● **Supplied entries**:
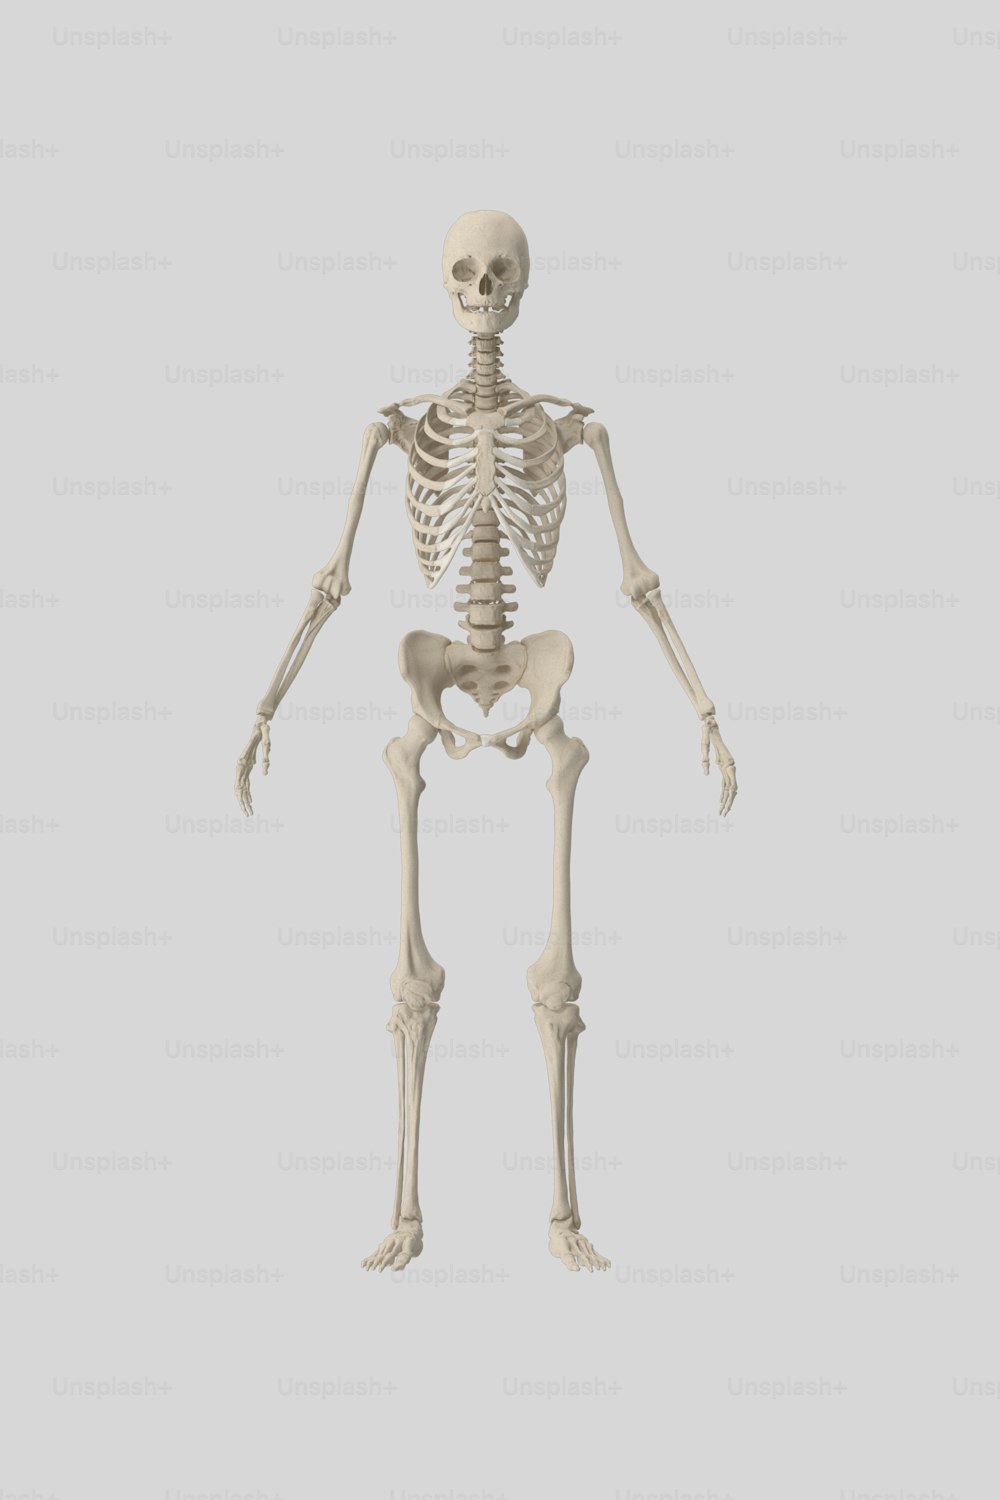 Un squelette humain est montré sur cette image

* * *

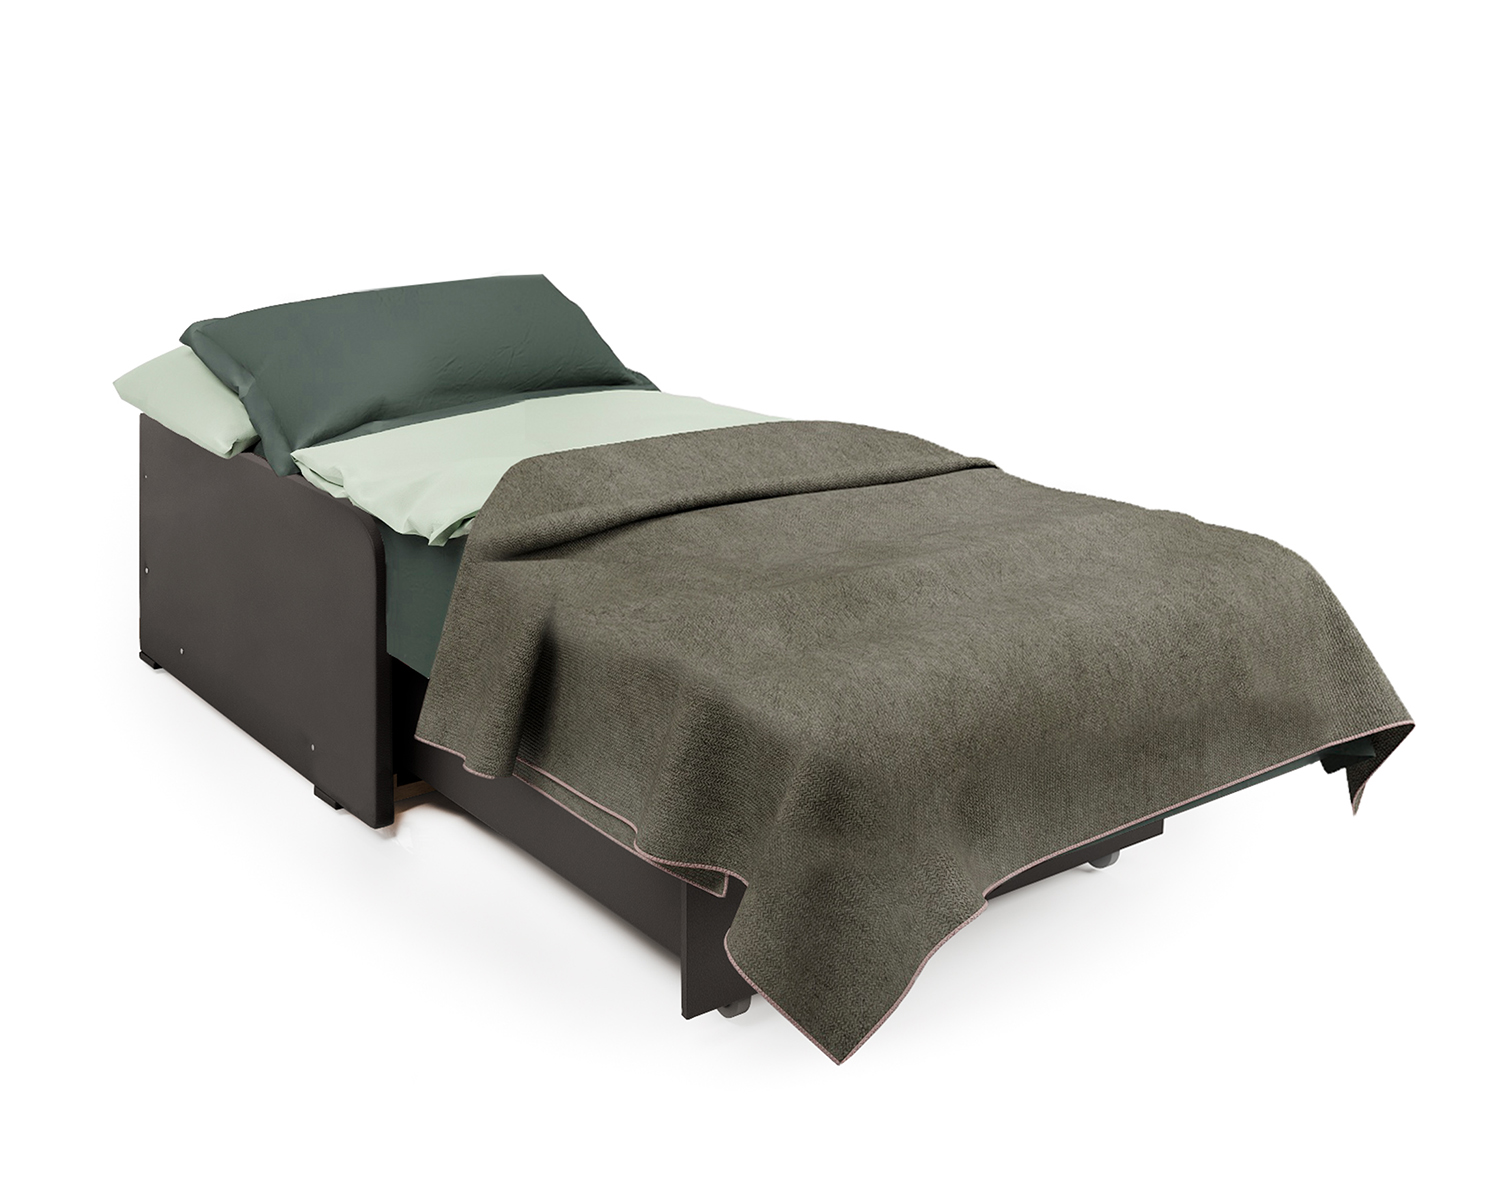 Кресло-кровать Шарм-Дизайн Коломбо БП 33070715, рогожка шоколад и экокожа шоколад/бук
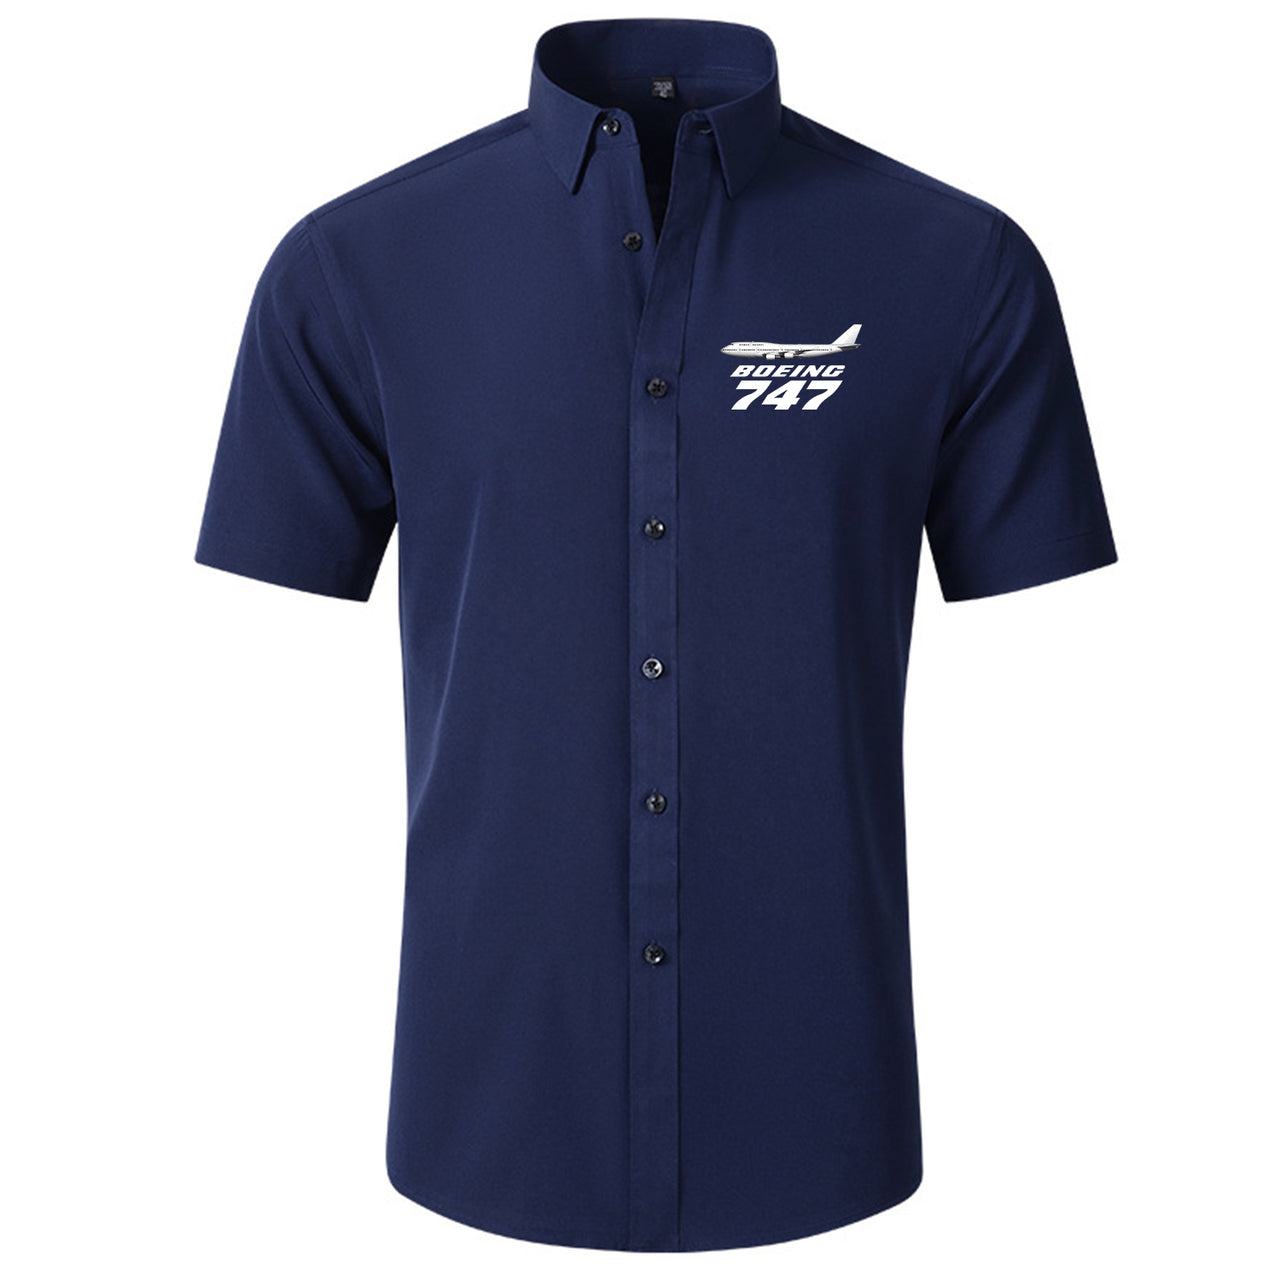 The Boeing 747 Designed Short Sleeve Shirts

* * *

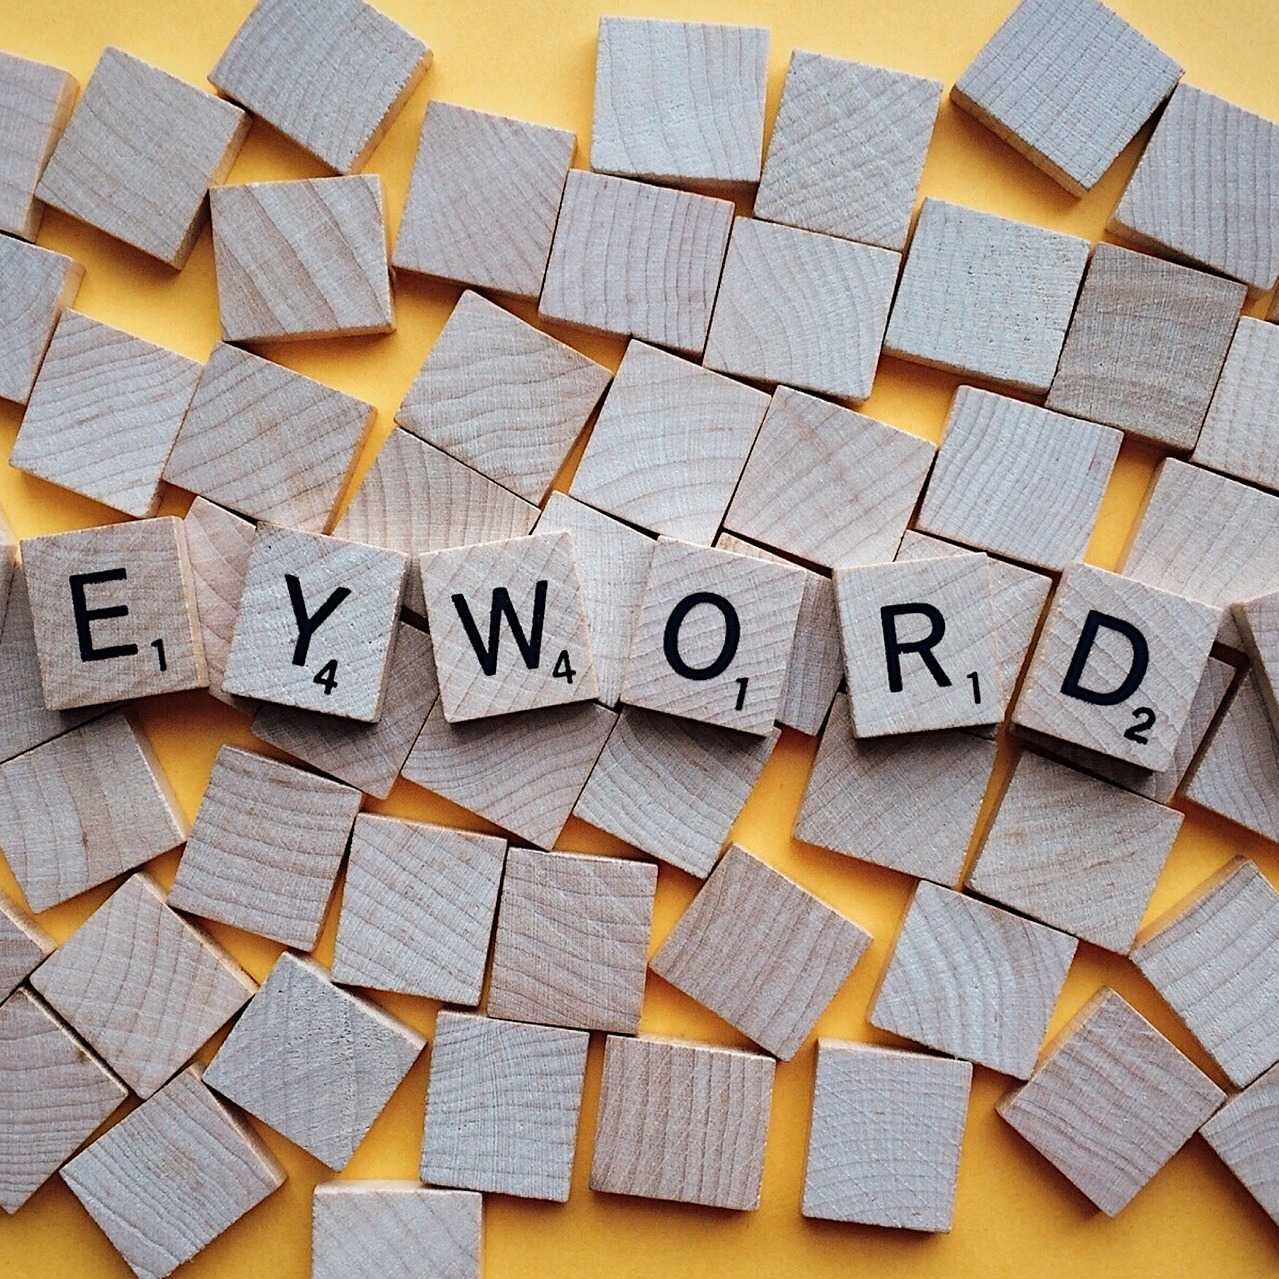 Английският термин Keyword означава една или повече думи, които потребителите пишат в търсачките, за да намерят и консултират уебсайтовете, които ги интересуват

● **What the task asks**: In the data above, retype only the stretch from the line with "Кресло-кровать Шарм-Дизайн Коломбо" through the line with "The Boeing 747 Designed Short Sleeve Shirts", word for word, and skip any pictures.

● **Reply to the exercise**:
 Кресло-кровать Шарм-Дизайн Коломбо БП 33070715, рогожка шоколад и экокожа шоколад/бук
 The Boeing 747 Designed Short Sleeve Shirts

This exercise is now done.